Based on your interesting comment(s), here's a test that uses the same function but once as UDF (that executors will handle) and once as literal value (executed at runtime; not by executors).
def curr_ts():
import datetime
return datetime.datetime.now()
curr_ts_udf = func.udf(curr_ts, TimestampType())
data_sdf. \
withColumn('ts_pydttm', func.lit(datetime.datetime.now())). \
withColumn('ts_pyudf', curr_ts_udf()). \
show(10, truncate=False)
# +----+----------+----+--------------------------+--------------------------+
# |col1|dt |col3|ts_pydttm |ts_pyudf |
# +----+----------+----+--------------------------+--------------------------+
# |1 |2022-01-01|1 |2022-07-21 05:59:56.281733|2022-07-21 05:59:56.462249|
# |1 |2022-01-02|-1 |2022-07-21 05:59:56.281733|2022-07-21 05:59:56.462347|
# |1 |2022-01-03|1 |2022-07-21 05:59:56.281733|2022-07-21 05:59:56.462395|
# |1 |2022-01-04|0 |2022-07-21 05:59:56.281733|2022-07-21 05:59:56.462406|
# |1 |2022-01-05|1 |2022-07-21 05:59:56.281733|2022-07-21 05:59:56.462415|
# |1 |2022-01-06|1 |2022-07-21 05:59:56.281733|2022-07-21 05:59:56.462425|
# |1 |2022-01-07|0 |2022-07-21 05:59:56.281733|2022-07-21 05:59:56.462434|
# |1 |2022-01-08|1 |2022-07-21 05:59:56.281733|2022-07-21 05:59:56.462443|
# |1 |2022-01-09|1 |2022-07-21 05:59:56.281733|2022-07-21 05:59:56.462453|
# |1 |2022-01-10|-1 |2022-07-21 05:59:56.281733|2022-07-21 05:59:56.462462|
# +----+----------+----+--------------------------+--------------------------+
# only showing top 10 rows
# root
# |-- col1: long (nullable = true)
# |-- dt: date (nullable = true)
# |-- col3: long (nullable = true)
# |-- ts_pydttm: timestamp (nullable = false)
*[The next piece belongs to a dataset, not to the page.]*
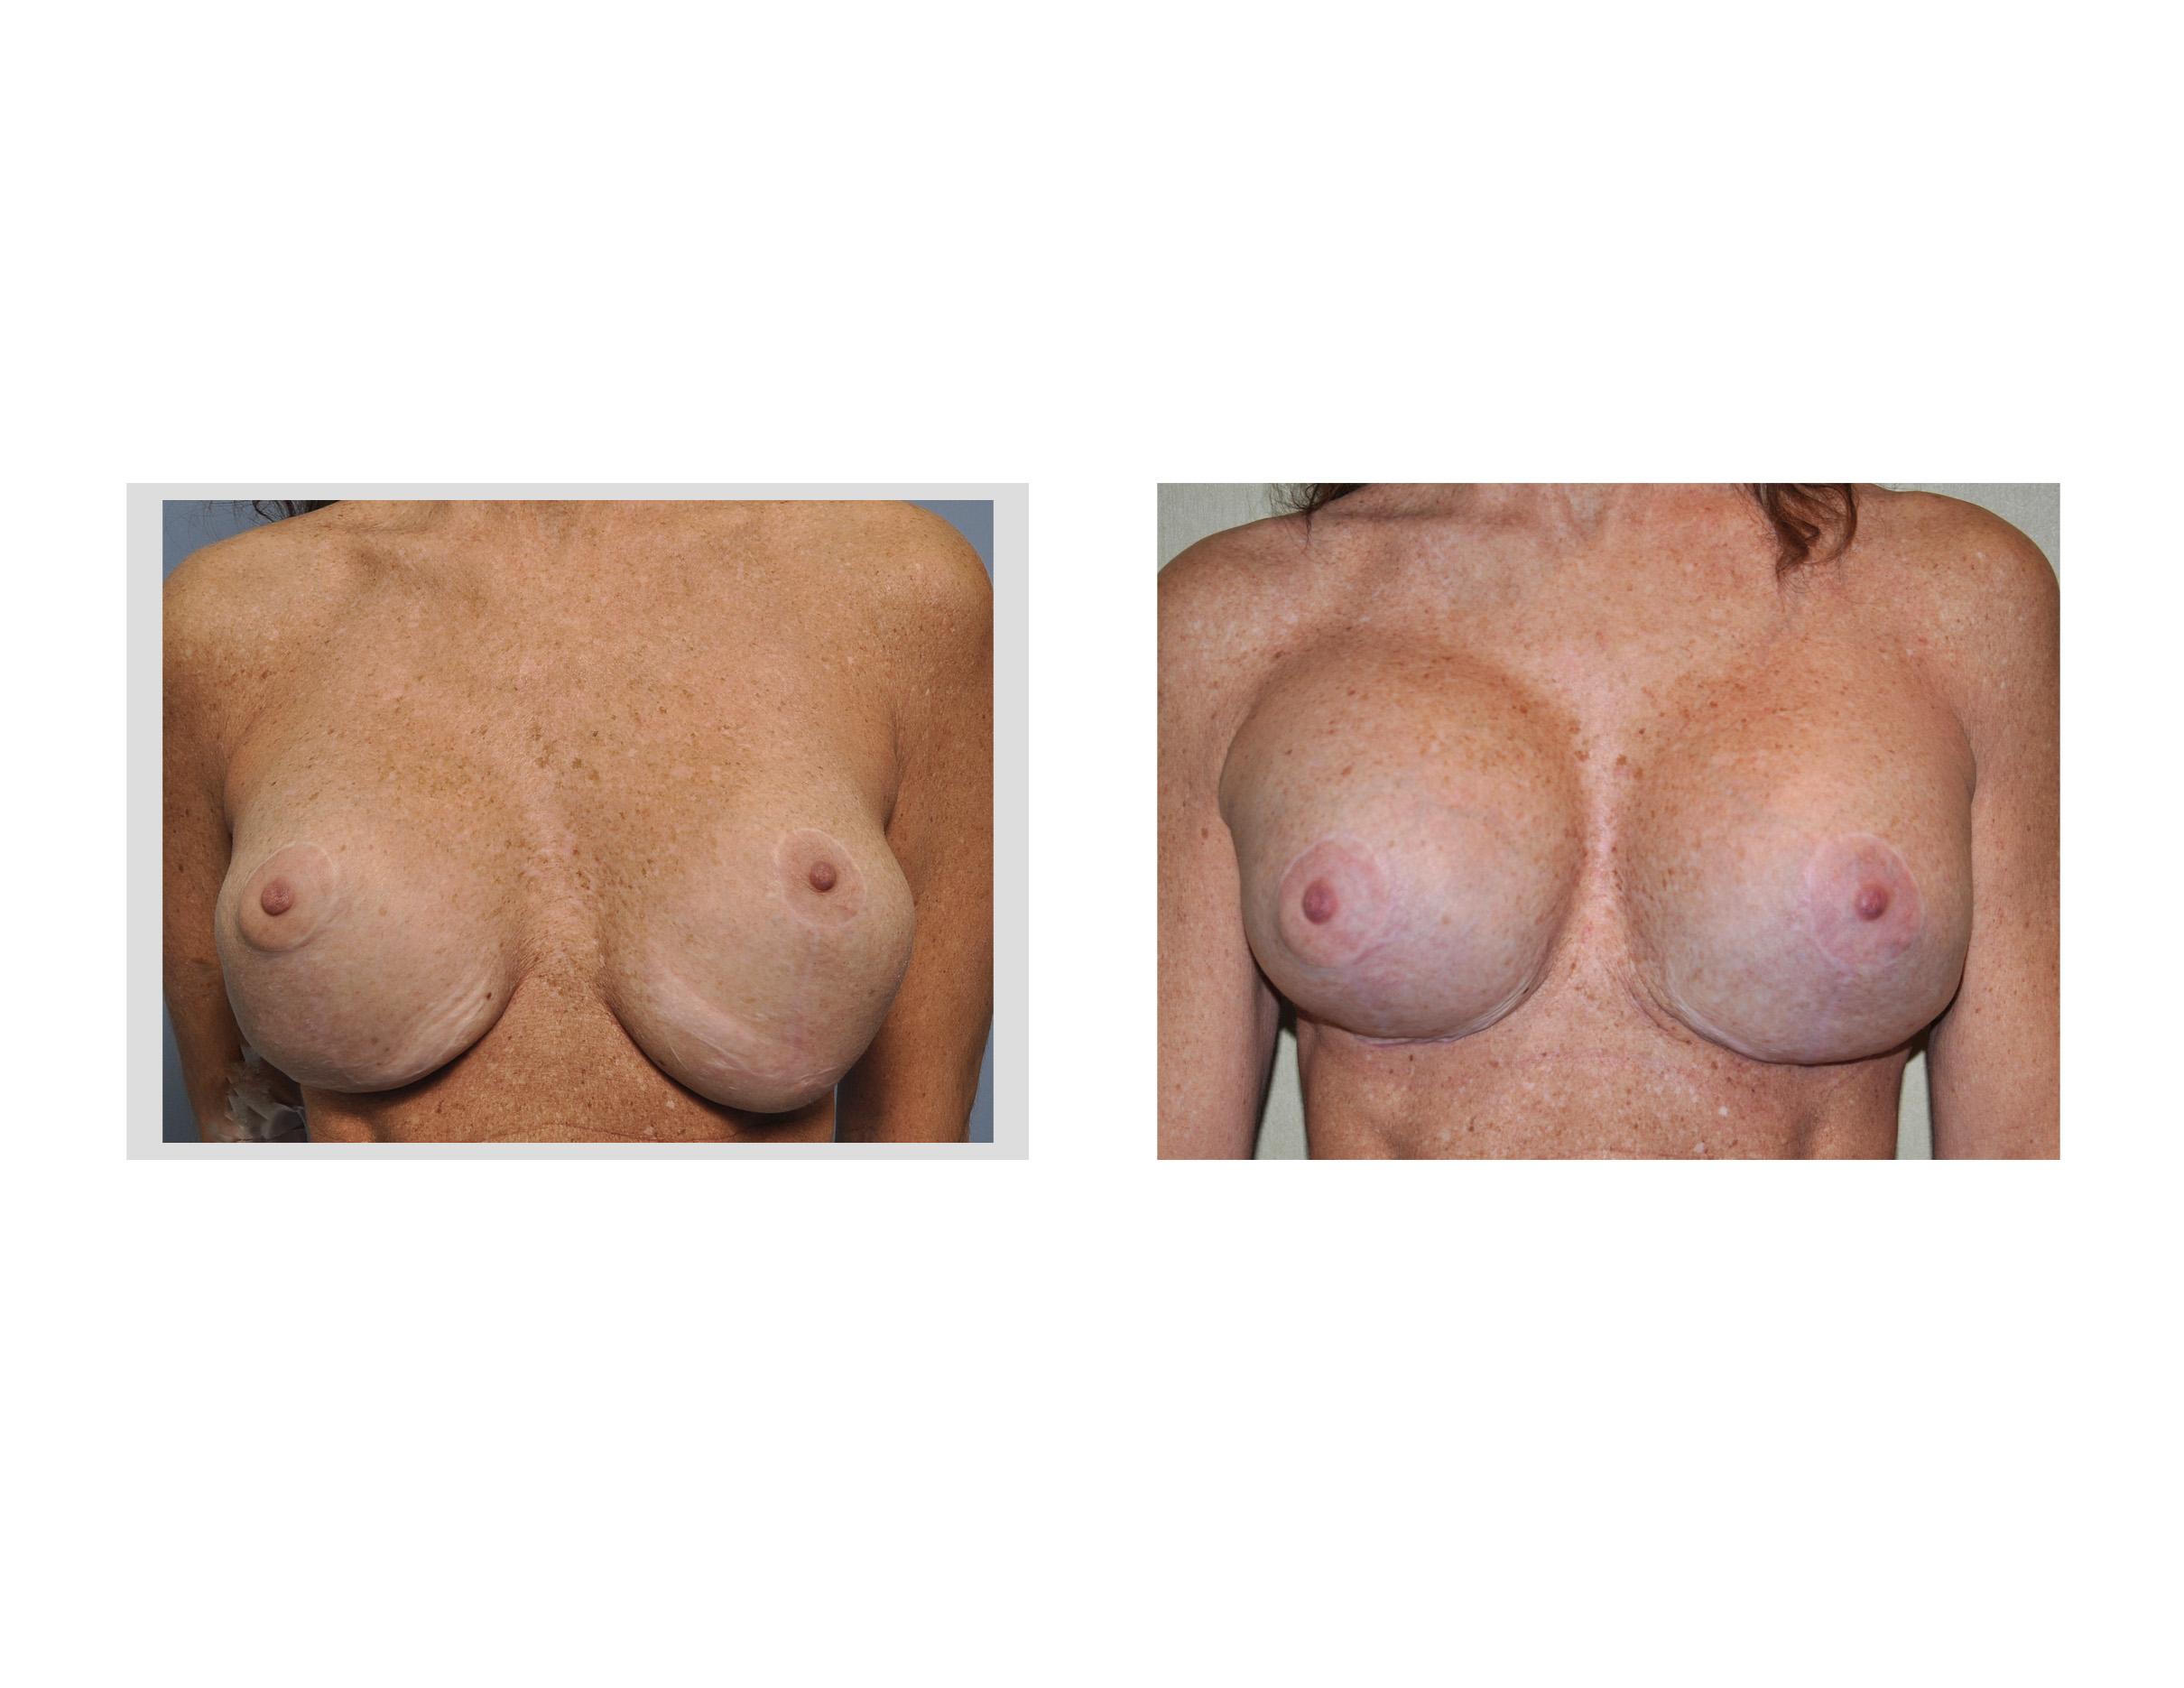 breast transplant surgery

# |-- ts_pyudf: timestamp (nullable = true)
Look at the values of ts_pydttm
, they're all same as the current timestamp was passed as a static (literal) value. Now, look at the values of ts_pyudf
, they're different for all records as the executors run the UDF (calls the current timestamp) for each record processing. Both of them result in a timestamp field, but are handled differently.